Component variant generation helps you create different styles of the same element easily. It saves time and keeps your code organized.

You want buttons with different colors but the same shape.
You need cards that look similar but have different backgrounds.
You want to create alert messages with different importance levels (success, warning, error).
You want to keep your styles consistent but flexible for different uses.
Syntax
SASS
@mixin component-variant($name) {
  &--#{$name} {
    @content;
  }
}

.component {
  // base styles
  @include component-variant('variant-name') {
    // variant styles
  }
}

The @mixin defines reusable style blocks.

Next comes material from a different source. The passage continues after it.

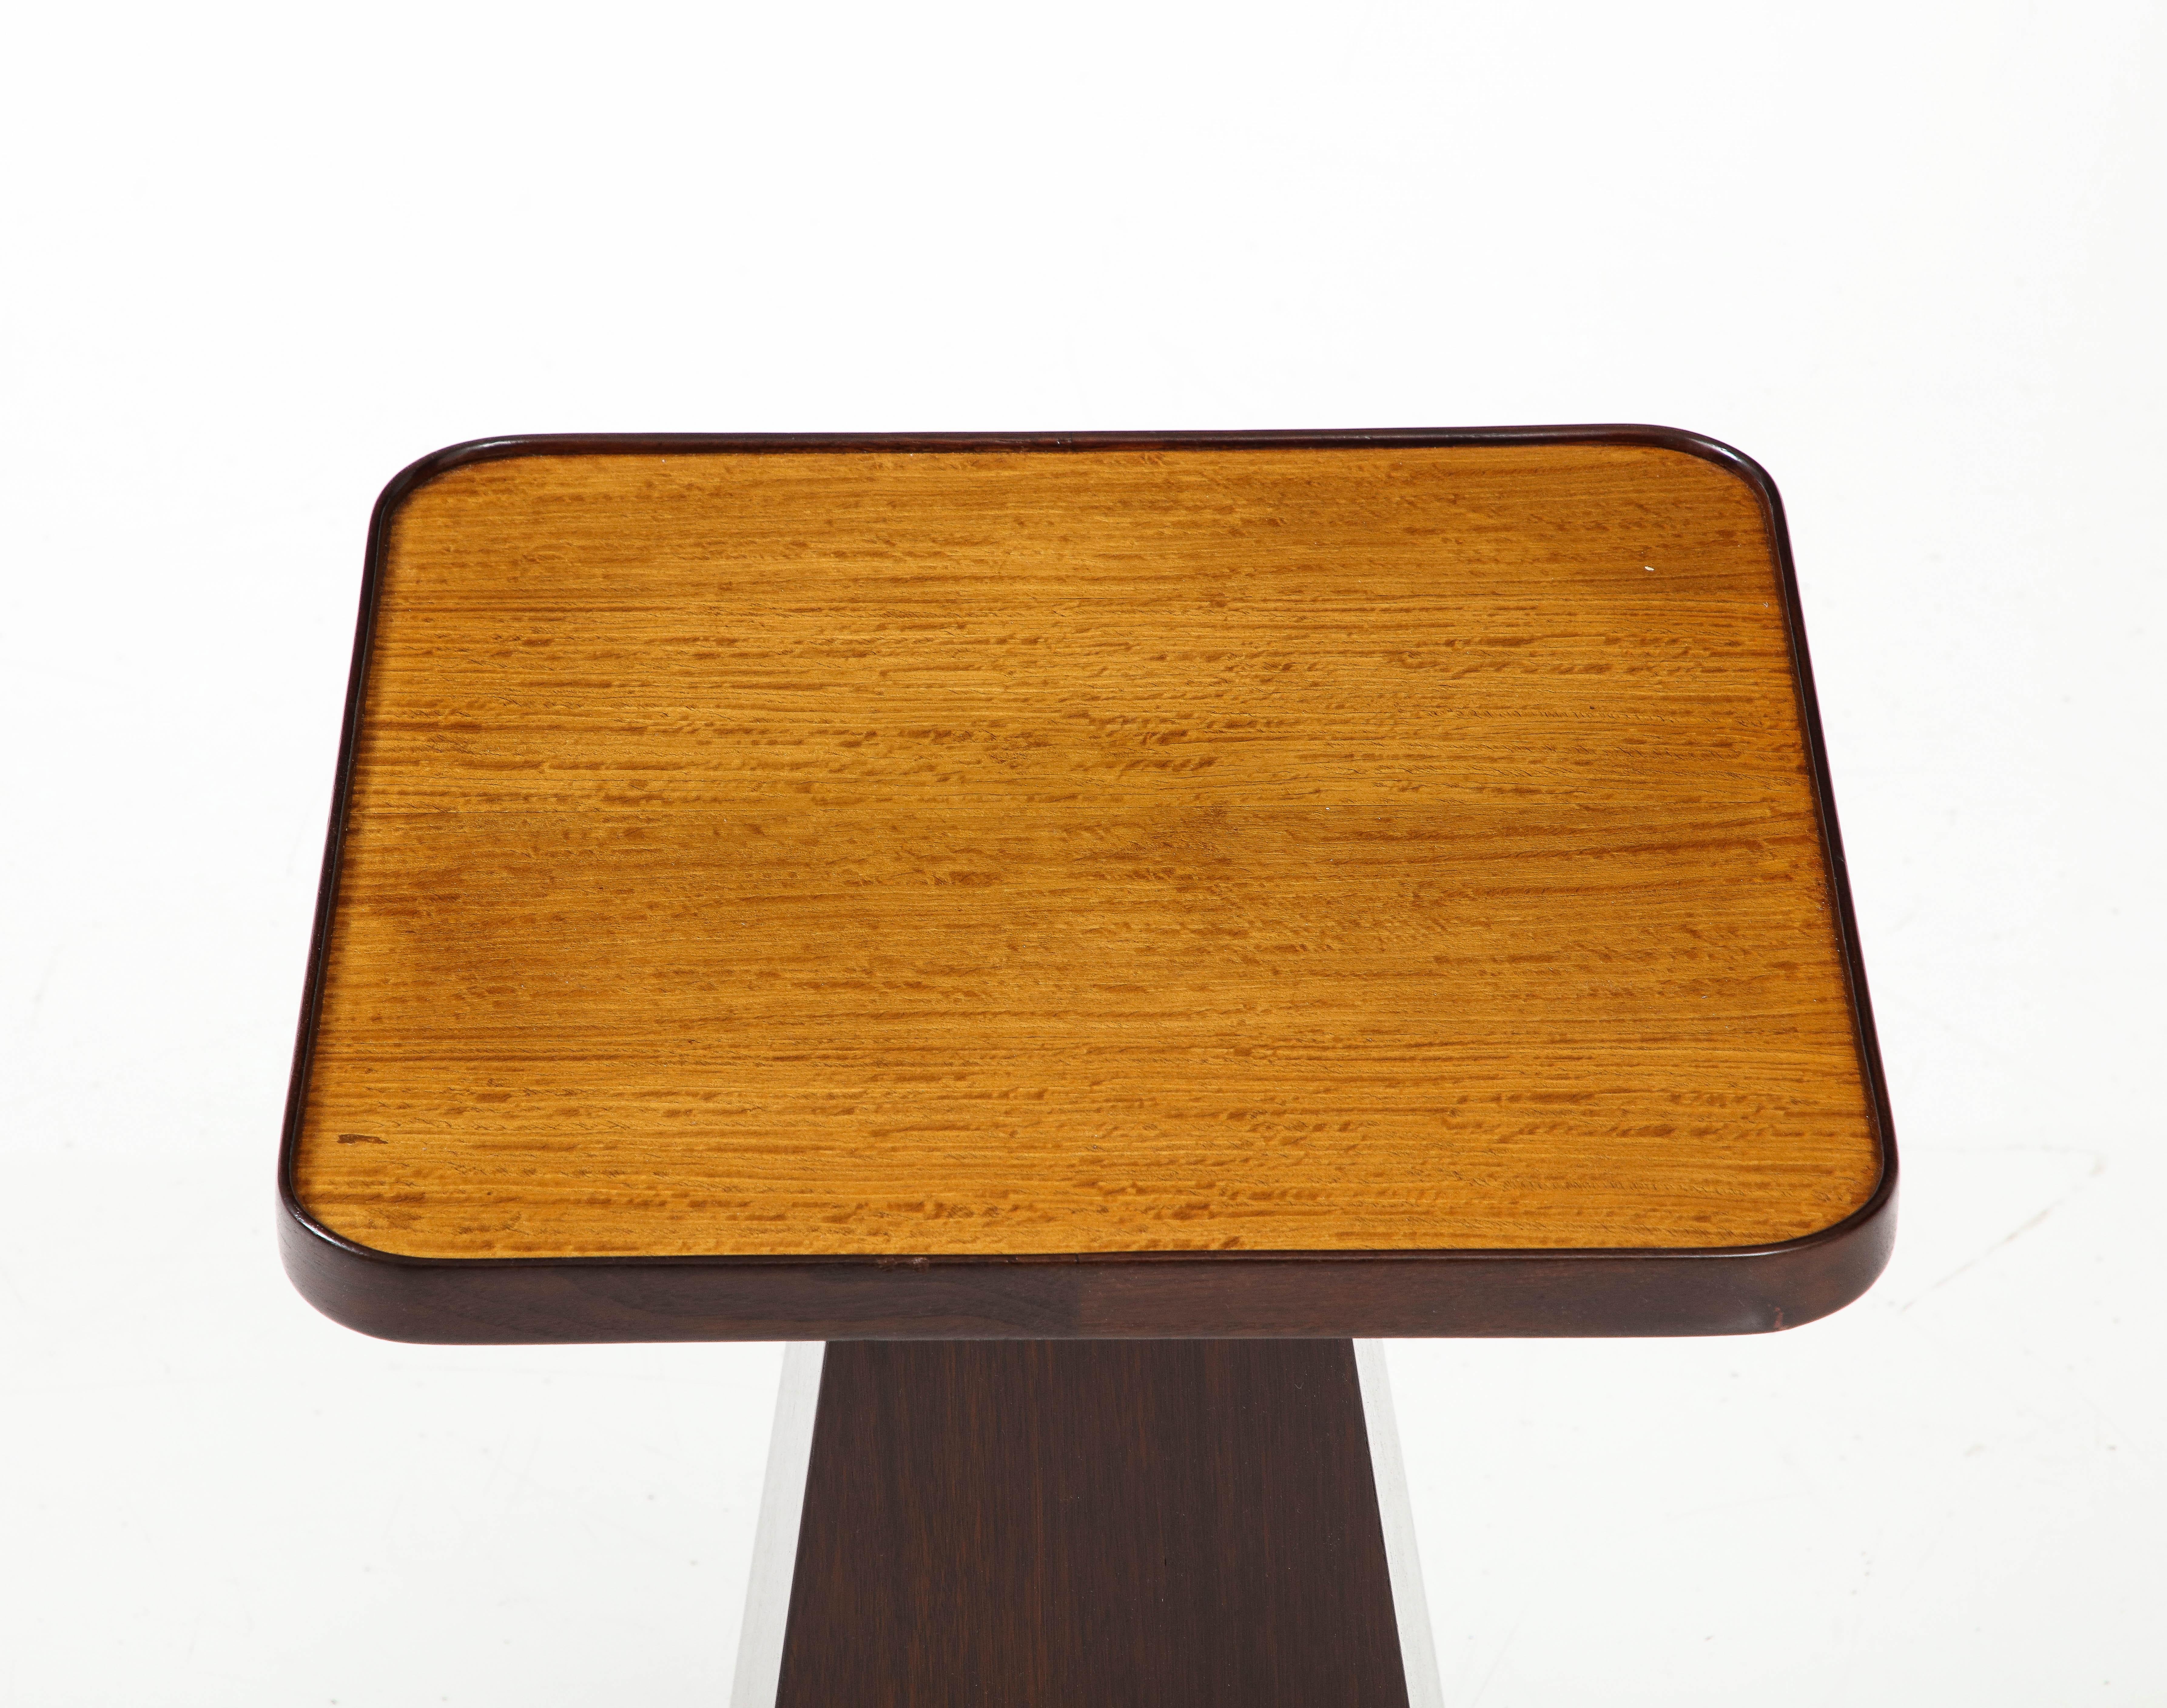 1970's mid-century modern walnut and lacquer architectural square side table, fully restored with minor wear and patina due to age and use. 
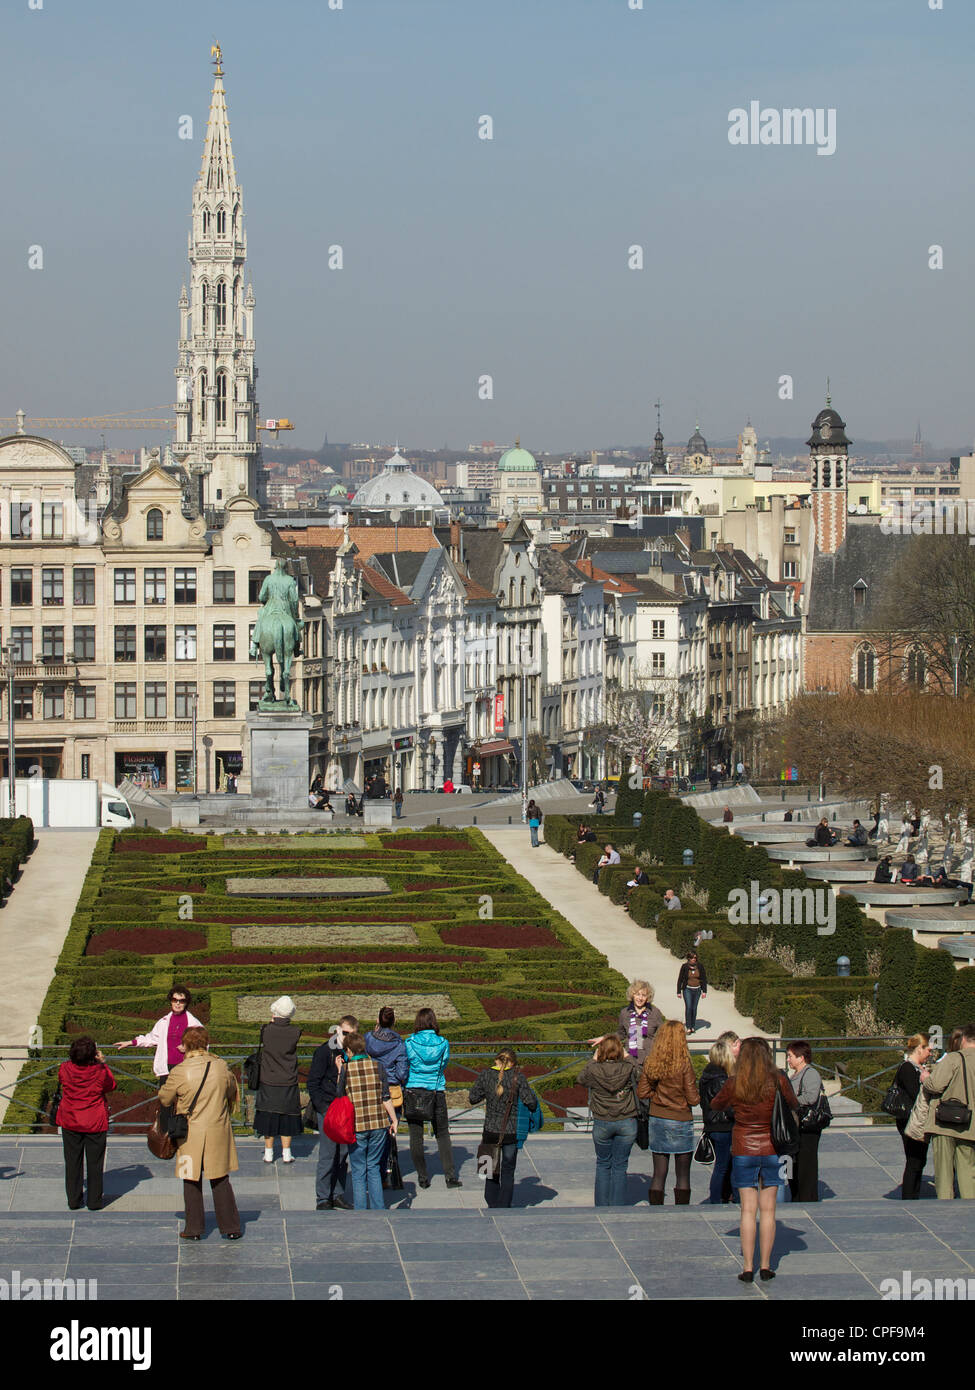 Brussels city center seen from Kunstberg park, with many tourists. Belgium Stock Photo

The &--#{$name} creates a modifier class like .component--variant-name.

Examples
This creates .button--red and .button--blue with different background colors.
SASS
@mixin button-variant($color) {
  &--#{$color} {
    background-color: $color;
    color: white;
  }
}

.button {
  padding: 1rem 2rem;
  border-radius: 0.5rem;
  font-weight: bold;

  @include button-variant(red);
  @include button-variant(blue);
}
This creates a custom alert variant with green background and white text.
SASS
@mixin alert-variant($bg-color, $text-color) {
  &--custom {
    background-color: $bg-color;
    color: $text-color;
    padding: 1rem;
    border-radius: 0.25rem;
  }
}

.alert {
  font-size: 1rem;
  font-weight: 600;

  @include alert-variant(green, white);
}
Sample Program

This example shows two buttons with different colors using component variant generation in Sass. The base .button class has common styles. The variants .button--red and .button--blue add different background colors. Hover effects darken the colors for better interaction feedback.

SASS
<!DOCTYPE html>
<html lang="en">
<head>
  <meta charset="UTF-8" />
  <meta name="viewport" content="width=device-width, initial-scale=1" />
  <title>Button Variants</title>
  <style type="text/scss">
    $red: #e63946;
    $blue: #457b9d;

    @mixin button-variant($color) {
      &--#{$color} {
        background-color: $color;
        color: white;
        border: none;
        cursor: pointer;
        @content;
      }
    }

    .button {
      padding: 1rem 2rem;
      border-radius: 0.5rem;
      font-weight: bold;
      font-family: Arial, sans-serif;
      margin: 0.5rem;
      transition: background-color 0.3s ease;

      @include button-variant(red) {
        background-color: $red;
      }

      @include button-variant(blue) {
        background-color: $blue;
      }
    }

    .button--red:hover {
      background-color: darken($red, 10%);
    }

    .button--blue:hover {
      background-color: darken($blue, 10%);
    }
  </style>
</head>
<body>
  <button class="button button--red" aria-label="Red button">Red Button</button>
  <button class="button button--blue" aria-label="Blue button">Blue Button</button>
</body>
</html>
OutputSuccess
Important Notes

Use meaningful variant names to keep your code easy to understand.

Component variants help keep your CSS DRY (Don't Repeat Yourself).

Always test your variants on different screen sizes for good responsiveness.

Summary

Component variant generation creates different styles for the same element easily.

Use Sass mixins with dynamic class names for flexible variants.

Variants keep your styles organized and reusable.